Aunque estaba seguro de su decisión, de igual manera quería escuchar opiniones. Pensó en su compañera Ieiri pero estaba al cien porciento que se burlaría o no le diría nada. Después en su maestro Masamichi Yaga, pero este lo descartó de cuajo. Incluso pensó en Mei Mei pero su mente se le nublo con puros símbolos de yenes. Suspiró derrotado.
Dedicó su vista al suelo para que una leve sonrisa se dibujara en su rostro, recordó que hubiera sido ideal que su examigo Suguru estuviera con él, tal vez le hubiera dado el visto bueno, pero no sabía donde estaba y que estaba haciendo. Le dolió el pecho.
Giró la cabeza varias veces para dejar de pensar en esas cosas y se dirigió al comedor del colegio. Una vez dentro se sentó en una silla y sacó de uno de sus bolsillos una paleta y empezó a saborearla.
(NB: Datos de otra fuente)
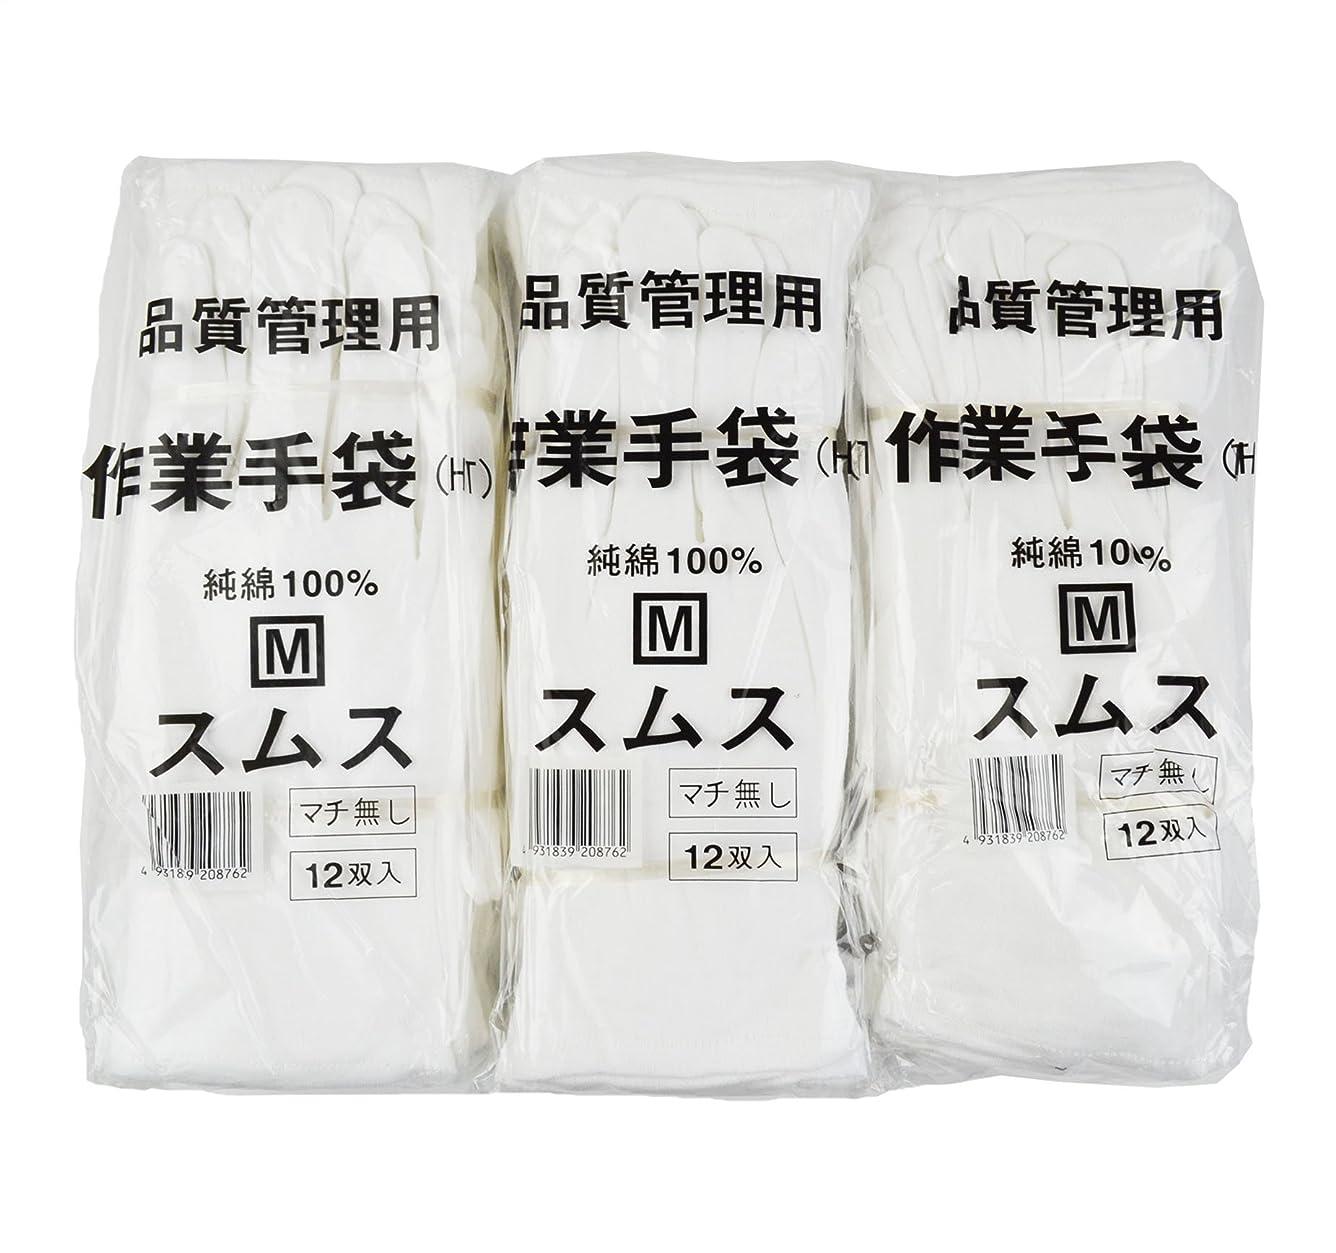 誤解する下向きキャリア【お得なセット売り】 (36双) 純綿100% スムス 手袋 Mサイズ 12双×3袋セット 多用途 作業手袋 101116

Veía atento como los árboles se teñían de colores cálidos por la entrada del otoño, colores que le traían imágenes de cierta morena. Chasqueó la lengua, no le hacía gracia pensar en ella, pero ¿Qué podía hacer? Era la primera vez que le gustaba alguien, que sin enterarse sus emociones se volvían locos cuando ella estaba cerca. Obviamente lo ocultaba perfectamente, y cree que por hacer tal acción se sentía confundido.
A lo lejos podía ver a algunos estudiantes jugando, conversando e incluso entrenando. ¿Y él? Sentado en una silla con cara de "no quiero que nadie se me acerque", porque persona que pasaba sentía una mirada asesina proveniente del otro lado de la ventana.
- Oye. – sintió el albino como algo le golpeaba la cabeza, haciendo que este se girara de golpe queriendo insultar a la persona que lo golpeó, pero se encontró con su compañera de clases.
- Oh, eres tu Shoko.
- ¿Te ocurre algo? Te ves demasiado decaído. ¿Quieres que te de algo para beber? – apoyó una mano en el hombro del peliblanco regalándole una pequeña sonrisa.
- Nah, estoy bien. Solo estoy pensando en lo que voy a hacer una vez que nos graduemos.
- ¿En serio? – levantó una ceja intrigada por el comentario de su compañero. - ¿Y puedo saber lo que es?
- Si te lo digo lo más probable es que te burles de mí. – dijo volteando su rostro y haciendo un puchero.
- No seas niño Satoru. No creo que sea tan malo. Vamos, dime y te prometo que no me burlaré de ti. – se sentó al frente del albino para verlo directamente a los ojos.
- Está bien – dijo resignado. Se tomo unos segundos y continuo. – Quiero ser profesor. – El ambiente quedó en completo silencio.
- ¿En serio?
- En serio.
- Bueno no le veo lo malo. – comento tomando su mentón con su mano dando a entender que estaba analizando algunas cosas y eso a Satoru no le daba buena pinta. – Aunque eres bueno explicando algunas cosas, eres flojo. – una apuñalada mental le llegaba a Gojo. -Llegas tarde a todas las reuniones. – segunda apuñalada. – Te burlas de todo haciendo que no se te pueda tomar en serio. – tercera. – Molestas a tus superiores. – cuarta. – Y le dejas todo el trabajo a tus compañeros o kohai. – quinta.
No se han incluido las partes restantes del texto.